Textract支持PDF,TIFF,PNGJPEG格式。

Textract支持这些文档大小、语言和字符

%pip install --upgrade --quiet  boto3 langchain-openai tiktoken python-dotenv
%pip install --upgrade --quiet  "amazon-textract-caller>=0.2.0"

示例 1

第一个示例使用本地文件,该文件将在内部发送到 Amazon Textract 同步 API DetectDocumentText

本地文件或 URL 端点(如 HTTP://)仅限于 Textract 的单页文档。 多页文档必须驻留在 S3 上。此示例文件为 jpeg。

from langchain_community.document_loaders import AmazonTextractPDFLoader

loader = AmazonTextractPDFLoader("example_data/alejandro_rosalez_sample-small.jpeg")
documents = loader.load()

文件的输出

documents
[Document(page_content='Patient Information First Name: ALEJANDRO Last Name: ROSALEZ Date of Birth: 10/10/1982 Sex: M Marital Status: MARRIED Email Address: Address: 123 ANY STREET City: ANYTOWN State: CA Zip Code: 12345 Phone: 646-555-0111 Emergency Contact 1: First Name: CARLOS Last Name: SALAZAR Phone: 212-555-0150 Relationship to Patient: BROTHER Emergency Contact 2: First Name: JANE Last Name: DOE Phone: 650-555-0123 Relationship FRIEND to Patient: Did you feel fever or feverish lately? Yes No Are you having shortness of breath? Yes No Do you have a cough? Yes No Did you experience loss of taste or smell? Yes No Where you in contact with any confirmed COVID-19 positive patients? Yes No Did you travel in the past 14 days to any regions affected by COVID-19? Yes No Patient Information First Name: ALEJANDRO Last Name: ROSALEZ Date of Birth: 10/10/1982 Sex: M Marital Status: MARRIED Email Address: Address: 123 ANY STREET City: ANYTOWN State: CA Zip Code: 12345 Phone: 646-555-0111 Emergency Contact 1: First Name: CARLOS Last Name: SALAZAR Phone: 212-555-0150 Relationship to Patient: BROTHER Emergency Contact 2: First Name: JANE Last Name: DOE Phone: 650-555-0123 Relationship FRIEND to Patient: Did you feel fever or feverish lately? Yes No Are you having shortness of breath? Yes No Do you have a cough? Yes No Did you experience loss of taste or smell? Yes No Where you in contact with any confirmed COVID-19 positive patients? Yes No Did you travel in the past 14 days to any regions affected by COVID-19? Yes No ', metadata={'source': 'example_data/alejandro_rosalez_sample-small.jpeg', 'page': 1})]

示例 2

下一个示例从 HTTPS 终端节点加载文件。 它必须是单页的,因为 Amazon Textract 要求所有多页文档都存储在 S3 上。

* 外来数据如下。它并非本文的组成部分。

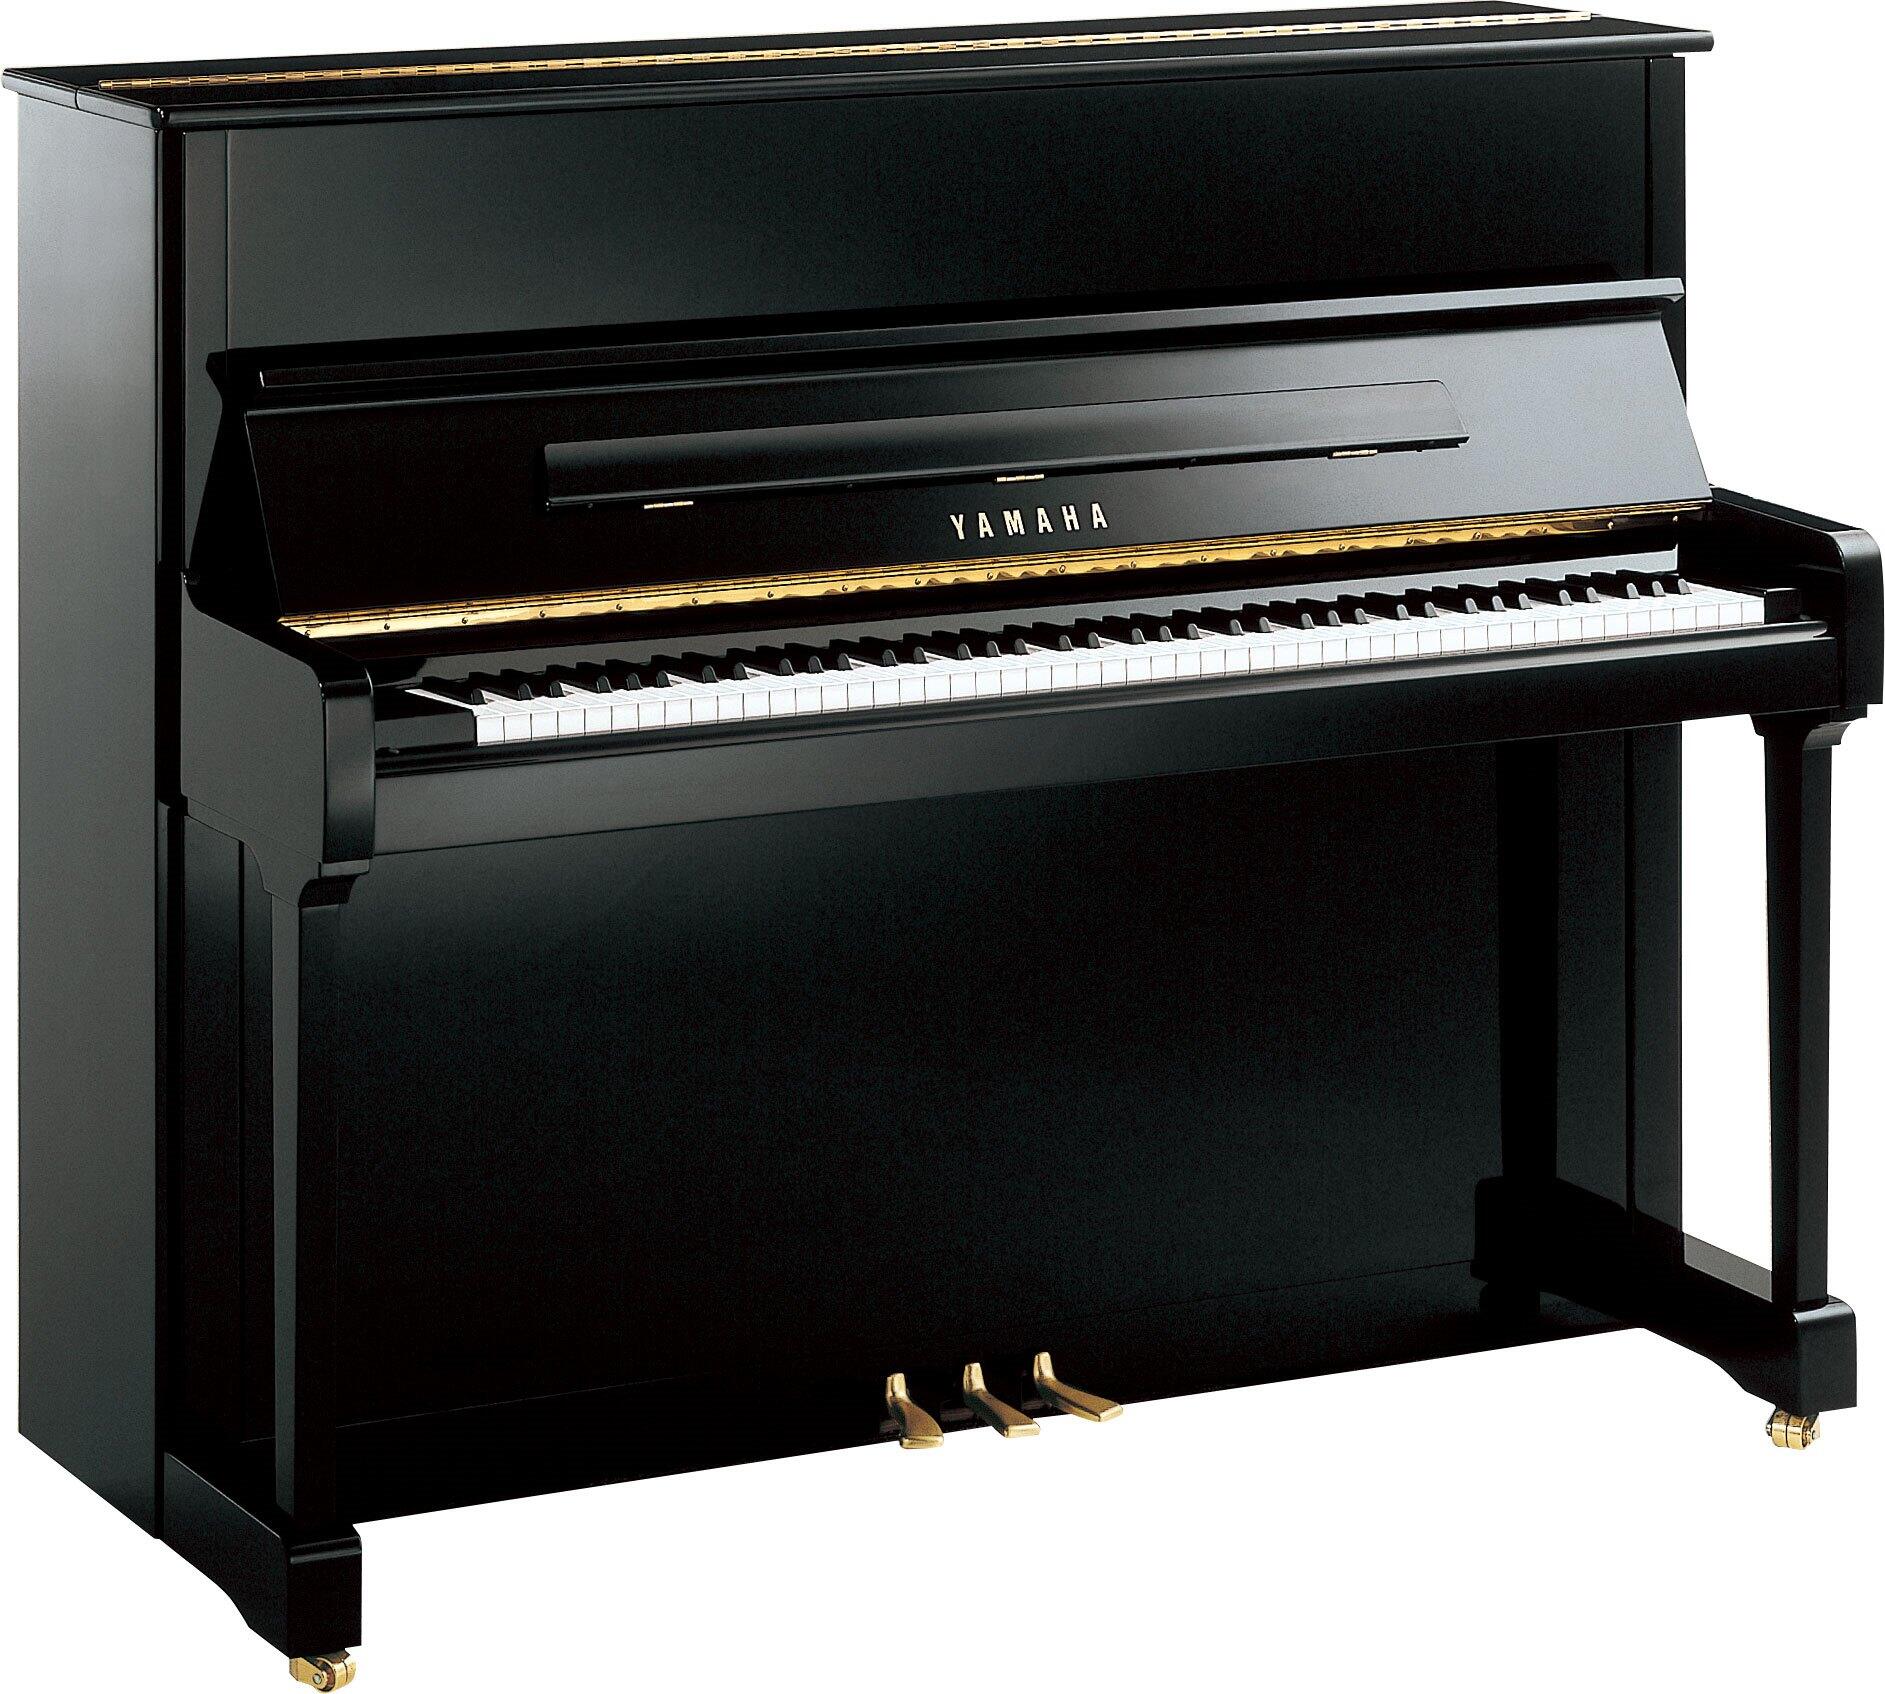 Yamaha Pianos Acoustic P121 PE Noir poli-brillant 121 cm : photo 1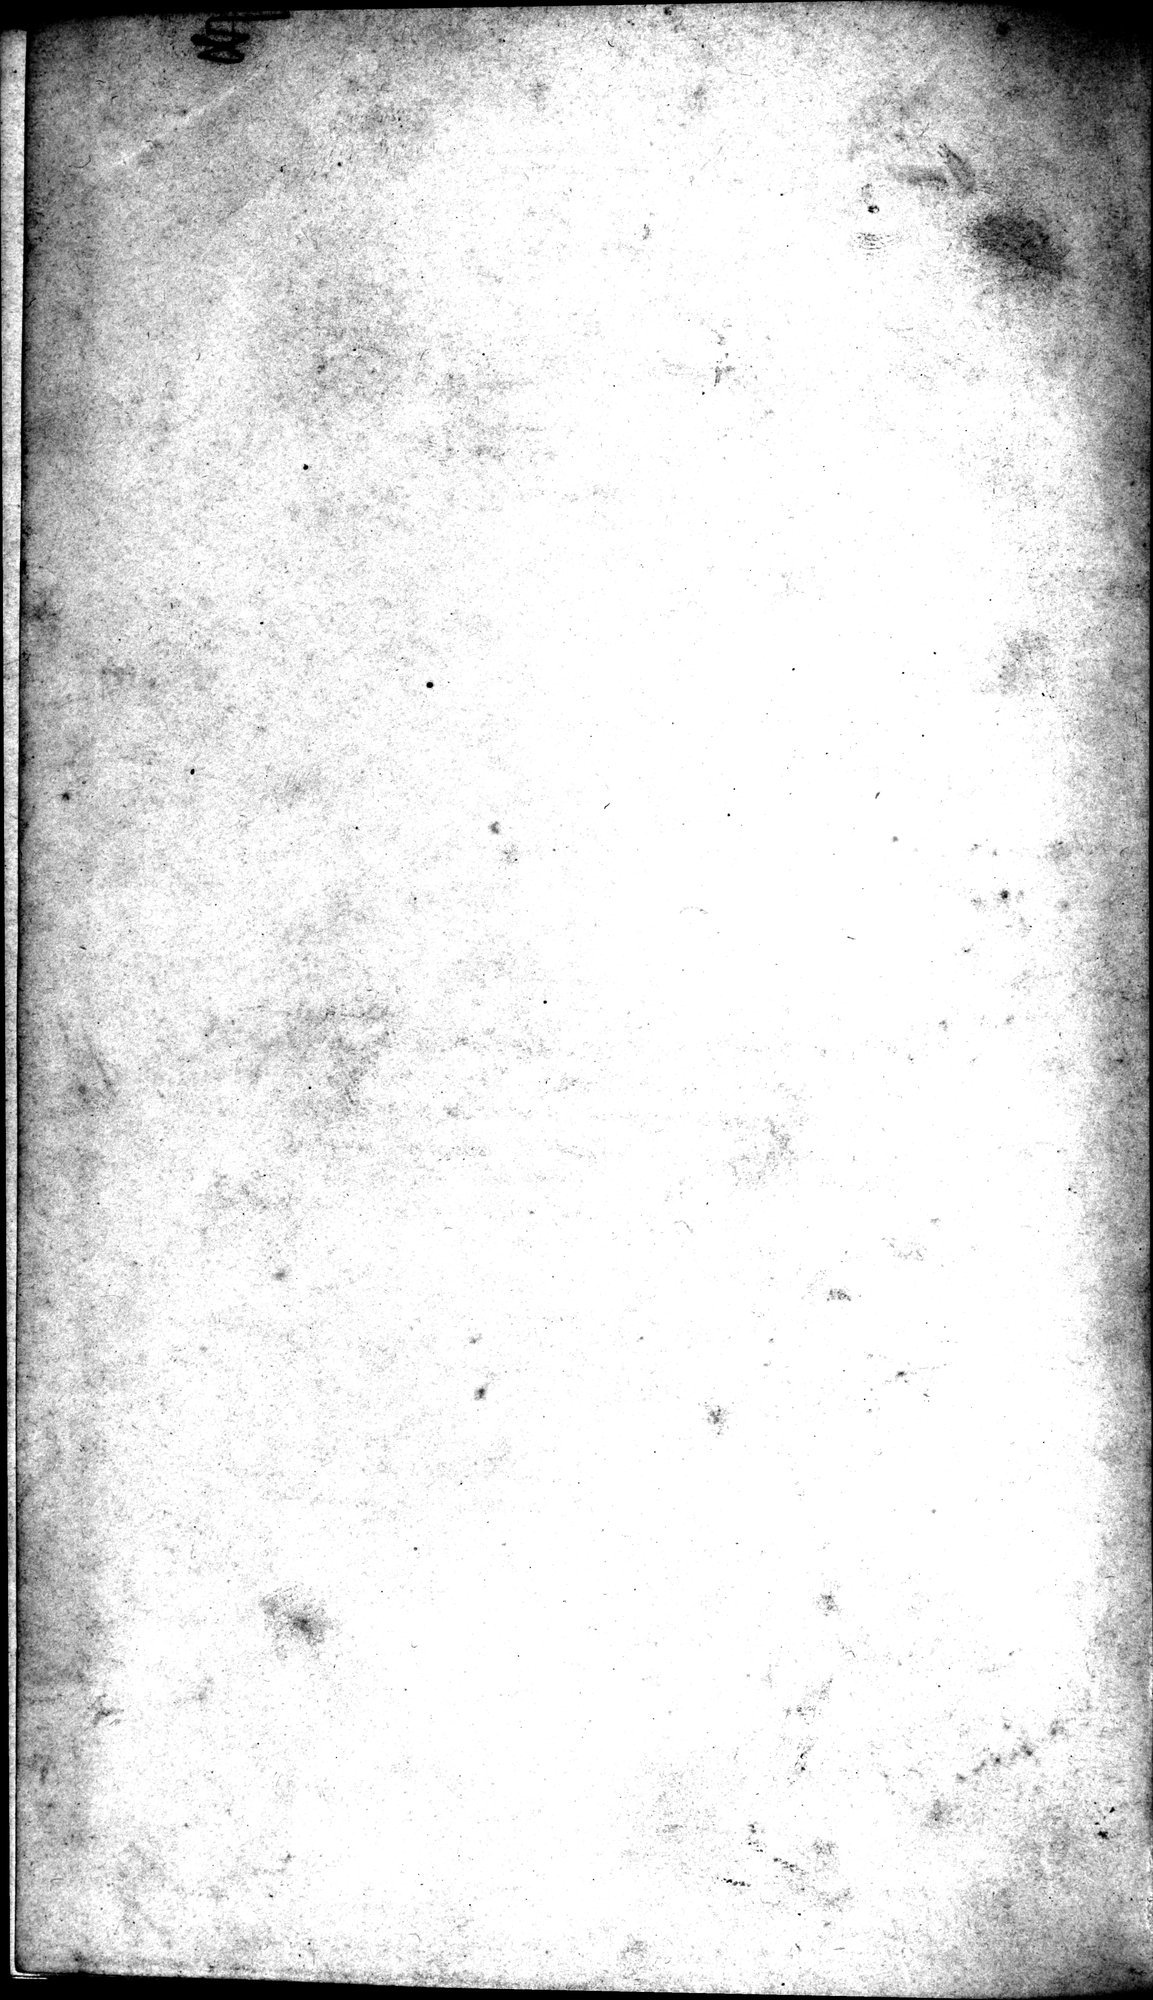 Un traité manichéen retrouvé en Chine : vol.1 / Page 378 (Grayscale High Resolution Image)

from langchain_community.document_loaders import AmazonTextractPDFLoader

loader = AmazonTextractPDFLoader(
"https://amazon-textract-public-content.s3.us-east-2.amazonaws.com/langchain/alejandro_rosalez_sample_1.jpg"
)
documents = loader.load()
documents
[Document(page_content='Patient Information First Name: ALEJANDRO Last Name: ROSALEZ Date of Birth: 10/10/1982 Sex: M Marital Status: MARRIED Email Address: Address: 123 ANY STREET City: ANYTOWN State: CA Zip Code: 12345 Phone: 646-555-0111 Emergency Contact 1: First Name: CARLOS Last Name: SALAZAR Phone: 212-555-0150 Relationship to Patient: BROTHER Emergency Contact 2: First Name: JANE Last Name: DOE Phone: 650-555-0123 Relationship FRIEND to Patient: Did you feel fever or feverish lately? Yes No Are you having shortness of breath? Yes No Do you have a cough? Yes No Did you experience loss of taste or smell? Yes No Where you in contact with any confirmed COVID-19 positive patients? Yes No Did you travel in the past 14 days to any regions affected by COVID-19? Yes No Patient Information First Name: ALEJANDRO Last Name: ROSALEZ Date of Birth: 10/10/1982 Sex: M Marital Status: MARRIED Email Address: Address: 123 ANY STREET City: ANYTOWN State: CA Zip Code: 12345 Phone: 646-555-0111 Emergency Contact 1: First Name: CARLOS Last Name: SALAZAR Phone: 212-555-0150 Relationship to Patient: BROTHER Emergency Contact 2: First Name: JANE Last Name: DOE Phone: 650-555-0123 Relationship FRIEND to Patient: Did you feel fever or feverish lately? Yes No Are you having shortness of breath? Yes No Do you have a cough? Yes No Did you experience loss of taste or smell? Yes No Where you in contact with any confirmed COVID-19 positive patients? Yes No Did you travel in the past 14 days to any regions affected by COVID-19? Yes No ', metadata={'source': 'example_data/alejandro_rosalez_sample-small.jpeg', 'page': 1})]

示例 3

处理多页文档要求文档位于 S3 上。示例文档位于 us-east-2 的存储桶中,需要在同一区域中调用 Textract 才能成功,因此我们在客户端上设置region_name并将其传递给加载程序,以确保从 us-east-2 调用 Textract。您还可以让笔记本在 us-east-2 中运行,将AWS_DEFAULT_REGION设置为 us-east-2,或者在其他环境中运行时,传入具有该区域名称的 boto3 Textract 客户端,如下面的单元格所示。

import boto3

textract_client = boto3.client("textract", region_name="us-east-2")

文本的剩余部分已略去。